YARN-11878. AsyncDispatcher event queue backlog with millions of STAT… #8026

qq619618919 · 2025-10-12T09:08:52Z

Description of PR

JIRA: YARN-11878. AsyncDispatcher event queue backlog with millions of STATUS_UPDATE events

Avoid costly ContainerStatusPBImpl.getCapability() calls in STATUS_UPDATE when Opportunistic containers are disabled

Background

This behavior was introduced by YARN-11003. to support Opportunistic containers optimization in the ResourceManager.

To implement that optimization, StatusUpdateWhenHealthyTransition calls ContainerStatusPBImpl.getCapability() during every STATUS_UPDATE event.
This ensures container resource capability info is always available for scheduling decisions
when opportunistic containers are enabled.

However, in clusters where opportunistic containers are disabled,
retrieving capability in every STATUS_UPDATE becomes unnecessary,
since the capability value is not used in most workflows.

Currently

NodeManager heartbeat: frequent STATUS_UPDATE events sent to the ResourceManager
Each STATUS_UPDATE processing: triggers ContainerStatusPBImpl.getCapability()
Problem: Even when the opportunistic container feature is off, the same costly protobuf parsing and ResourcePBImpl object construction still happens for each event. This leads to:

High CPU usage in the AsyncDispatcher event processing thread
Millions of repeated, unused protobuf parses in large clusters
Increased event queue latency and slower scheduling decisions

Impact

In clusters with thousands of nodes, STATUS_UPDATE events can account for >90% of the AsyncDispatcher queue.
Profiling shows that getCapability() calls consume >90% of CPU time in StatusUpdateWhenHealthyTransition.transition() when opportunistic containers are disabled.
The overhead is pure waste under these conditions and can be entirely skipped.

Proposed Changes

Skip capability retrieval logic when opportunisticContainersEnabled is false.
Cache remoteContainer.getCapability() result in a local variable to prevent multiple protobuf parsing calls within the same STATUS_UPDATE handling.

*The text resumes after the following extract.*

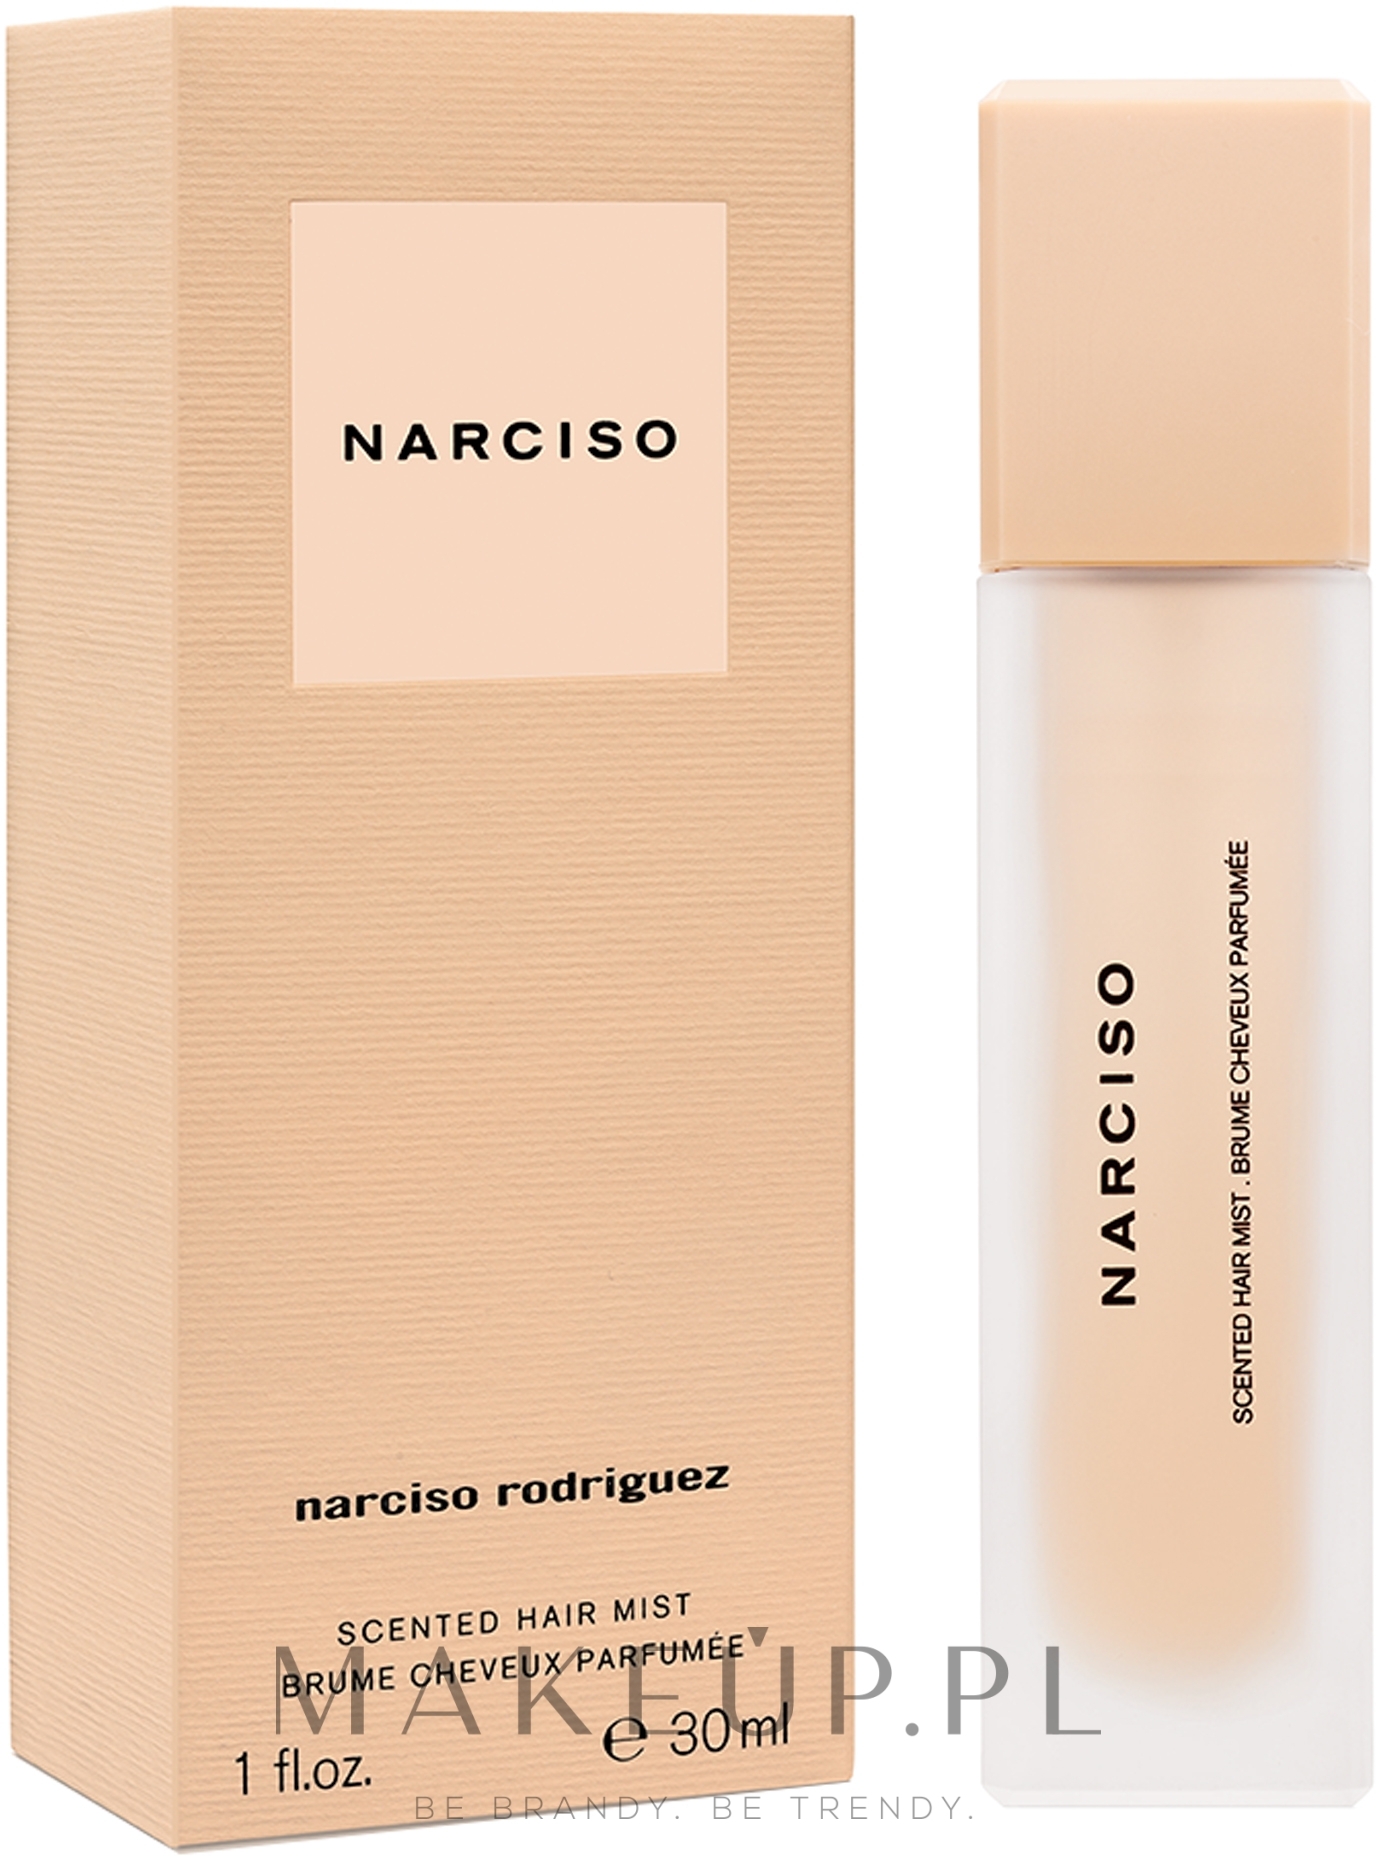 narciso rodriguez lakier do włosów 30ml narciso

How was this patch tested?

CI

For code changes:

Does the title or this PR starts with the corresponding JIRA issue id (e.g. 'YARN-11878. Your PR title ...')?
Object storage: have the integration tests been executed and the endpoint declared according to the connector-specific documentation?
If adding new dependencies to the code, are these dependencies licensed in a way that is compatible for inclusion under ASF 2.0?
If applicable, have you updated the LICENSE, LICENSE-binary, NOTICE-binary files?

…US_UPDATE events

qq619618919 · 2025-10-12T09:26:21Z

Performance Verification in Production

We tested this patch in a production YARN cluster and used Arthas to monitor RM node event handling performance via:

monitor -c 5 org.apache.hadoop.yarn.server.resourcemanager.ResourceManager$NodeEventDispatcher handle

Result:

Before patch (with original YARN-11003 behavior): average NM heartbeat handling time ≈ 1.10 ms
After patch (skip/caching getCapability() when Opportunistic containers disabled): average NM heartbeat handling time ≈ 0.09 ms
This shows over 12× improvement in heartbeat event processing latency, reducing RM AsyncDispatcher thread load significantly and improving scheduling responsiveness in large clusters.

Conclusion:

The patch removes unnecessary getCapability() calls when the Opportunistic container feature is disabled, reducing CPU overhead and improving event queue turnover rate.
This optimization has already proven effective in production with substantial gains in RM performance.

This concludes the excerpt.